Das passiert auch in „Suspicion“:
Zum Schluss des Films fühlt sich Lina als die eigentlich Schuldige, weil sie
ihren Mann zu Unrecht verdächtigt hatte und ihr Verdacht nur auf falschen
Vorstellungen beruhte, die sie sich durch die spärlichen Fakten, die sie hie
und da aufschnappte, selbst zusammengereimt hat. Nur in ihrer Fantasie war
Johnny der potentielle Mörder, in Wirklichkeit aber ein grundehrlicher Mann. Das
hatte er bei ihrer ersten gemeinsamen Autofahrt tatsächlich offenbart, als er
ihr ehrlich seine Liebe gestand. Auf diesem Bild baute sie ihre ganze Beziehung
auf, die dann immer mehr Brüche bekam, weil sie in ihre eigenen
Wahnvorstellungen geriet.
Alfred Hitchcock trieb bereits in
dem frühen Film sein diabolisches Spiel mit den Gefühlen der Zuschauer, das er es
schließlich in reiner Perfektion beherrschte, als er in den 60-er Jahren seine
Meisterwerke „Psycho“ und „The Birds“ schuf.

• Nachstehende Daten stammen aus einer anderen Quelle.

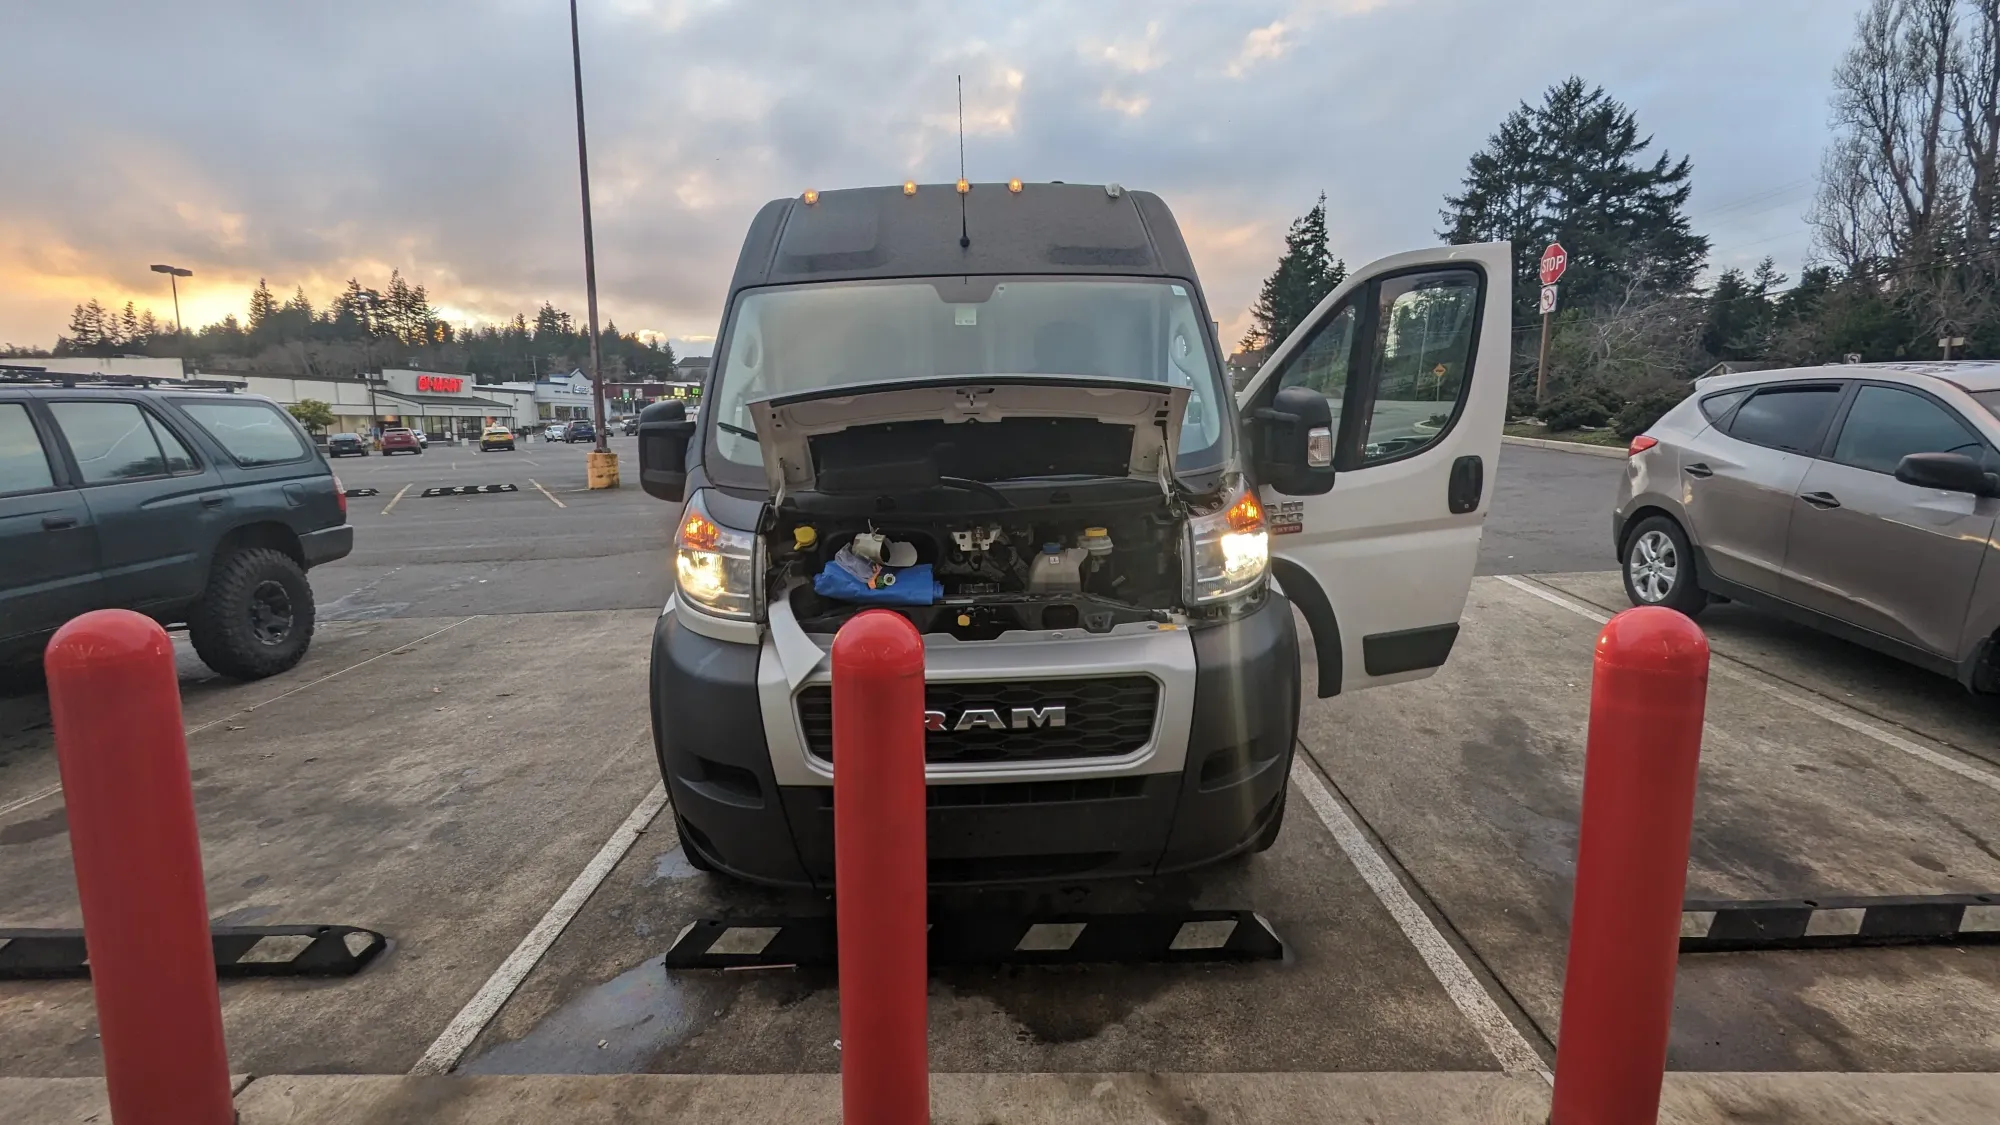 Parking lot van maintenance - replacing headlights

"Suspicion" war nach „Rebecca“
(1940) der zweite Film, den Hitchcock in Hollywood realisierte. Wieder spielte Joan
Fontaine die weibliche Hauptrolle. Für ihre Rolle der Lina in „Suspicion“
erhielt sie sogar einen Oscar. Zum ersten Mal arbeitete Hitchcock mit Cary
Grant zusammen, der im Jahr zuvor in drei Filmen positive Charaktere gespielt
hatte, meistens treue Ehemänner. In „Philadelphia Story“ (Die Nacht vor der
Hochzeit) von George Cukor kehrt er zu seiner geschiedenen Frau (Katherine
Hepburn) zurück, die sich gerade wieder verheiraten will, in „My Friday Girl
(Ein Mädchen für besondere Fälle) von Howard Hawks heiratet er eine geschiedene
Reporterin (Rosalind Russell) und in „My Favorite Wife“ (Meine Lieblingsfrau)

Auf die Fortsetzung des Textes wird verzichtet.